Algorithmic prompting helps large language models like GPT-3 to solve math problems more reliably.
Large language models like GPT-3 are bad at math - a finding that attracted a lot of attention when OpenAI presented the model. After all, the fact that GPT-3 could add some numbers at all was surprising to some.
Since then, researchers have continued to develop new methods to improve the mathematical capabilities of large language models, for example with various forms of prompt engineering or access to an external Python interpreter.
Algorithmic reasoning via prompt engineering?
In prompt engineering, researchers experiment with different input patterns and measure their effect on the output of language models. Chain-of-thought prompting, for example, shows that prompting for a step-by-step approach produces significantly better results in some tasks.
But despite these advances, language models struggle to solve even simple algorithmic tasks. A method of prompt engineering developed by researchers at the Universite de Montreal and Google Research, however, significantly increases the performance of the models in mathematical tasks.
The team formulates detailed prompt inputs that describe algorithms for solving math problems, such as for addition. The language model can use this algorithm as a tool to solve similar math problems. The researchers evaluate their approach on a series of arithmetic and quantitative reasoning tasks.
Through their "Algorithmic Prompting" approach, the language models achieve a significant performance improvement compared to other prompting strategies: In particular, for long parity, addition, multiplication, and subtraction, the method achieves an error reduction of up to 10x and can solve tasks with significantly more numbers than other prompts.
The researchers also show that the language models can learn multiple skills, such as addition and subtraction, in an accumulated fashion, apply different skills together, and also use the learned skills as tools in more complex tasks.
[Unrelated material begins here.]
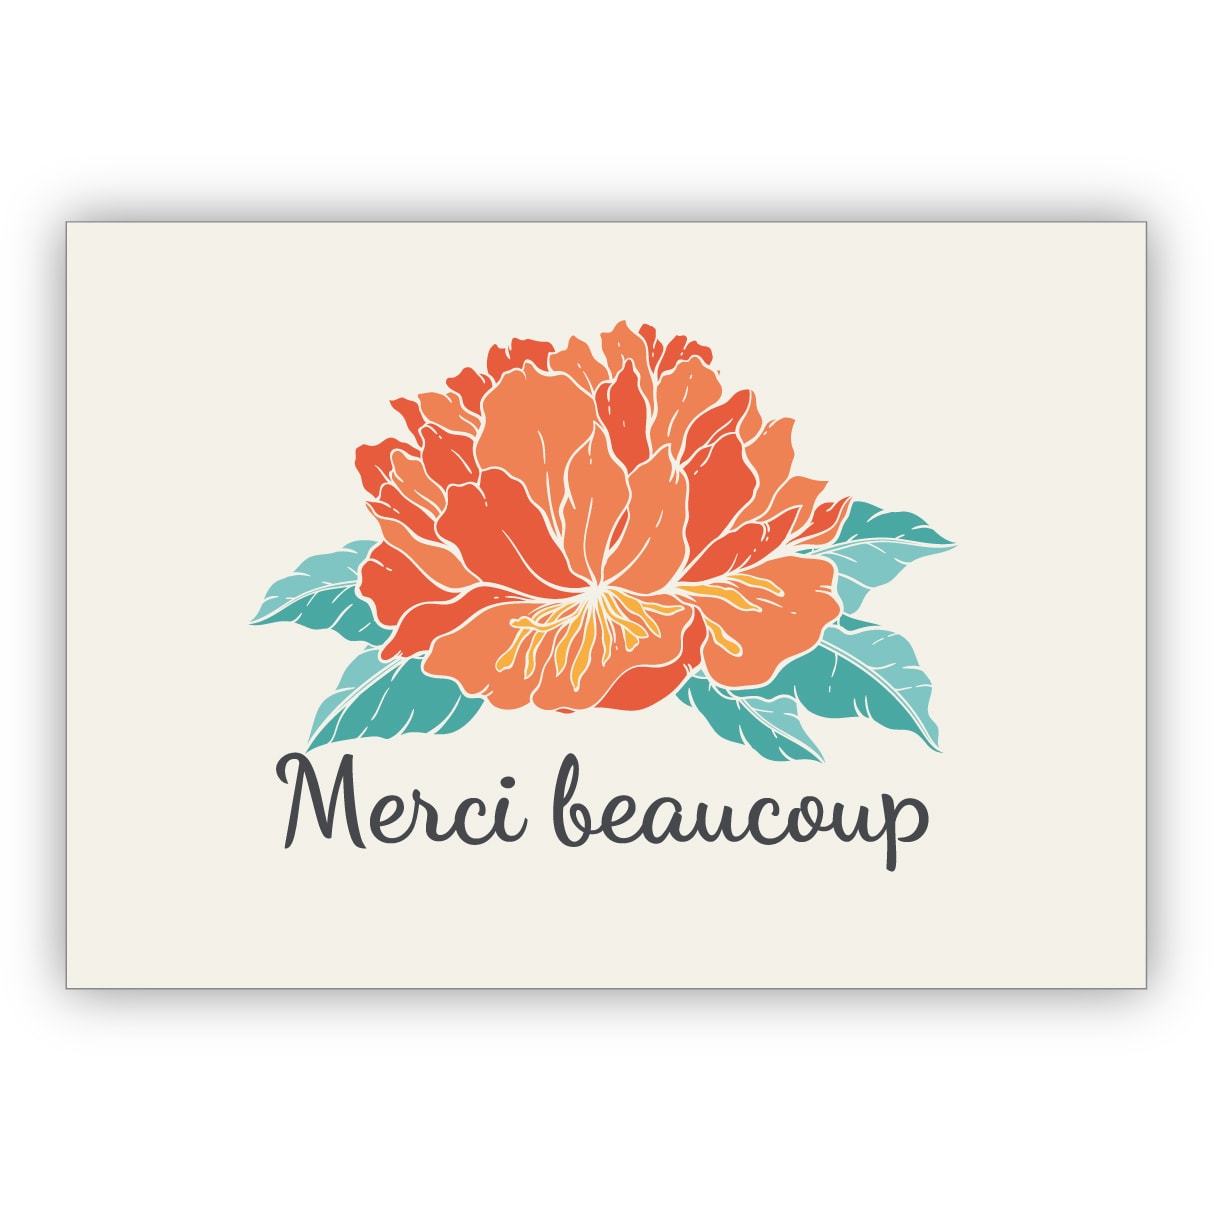 Edle französische Blumen Dankeskarte mit Hibiskusblüte, beige: Merci beaucoup

Algorithmic Prompting in Times of ChatGPT
Using addition as an example, the team shows that large language models can apply instructions with as few as five digits to as many as 19 digits. This, they say, is an example of out-of-distribution generalization and a direct effect of algorithmic prompting. The method should work with more digits, but right now it is limited by the context length of the used code-davinci-002-Model of OpenAI (8.000 tokens).
OpenAI's latest ChatGPT spits out correct answers to math problems without much prompt engineering. OpenAI presumably uses an external interpreter for this. So why explore more methods of prompt engineering for math?
One area with significant room for improvement is the ability of LLMs to perform complex reasoning tasks. In this realm, mathematical reasoning provides a unique challenge as a domain. It requires the ability to parse, to logically deconstruct a problem into sub-problems and recombine them, and to apply knowledge of rules, transformations, processes, and axioms
From the paper
Methods such as "algorithmic prompting" could thus improve models' abilities to reason. Models that learn to execute an algorithm can produce consistent results, reduce hallucinations, and since "since they are input independent by nature, they are immune to OOD performance degradation when executed properly."
The team sees the role of context length as a key finding: it may be possible to convert longer context length to better reasoning performance by providing more detailed solution examples. "This highlights the ability to leverage long contexts (either through increasing context length or other means such as implementing recurrence or an external memory) and generate more informative rationales as promising research directions."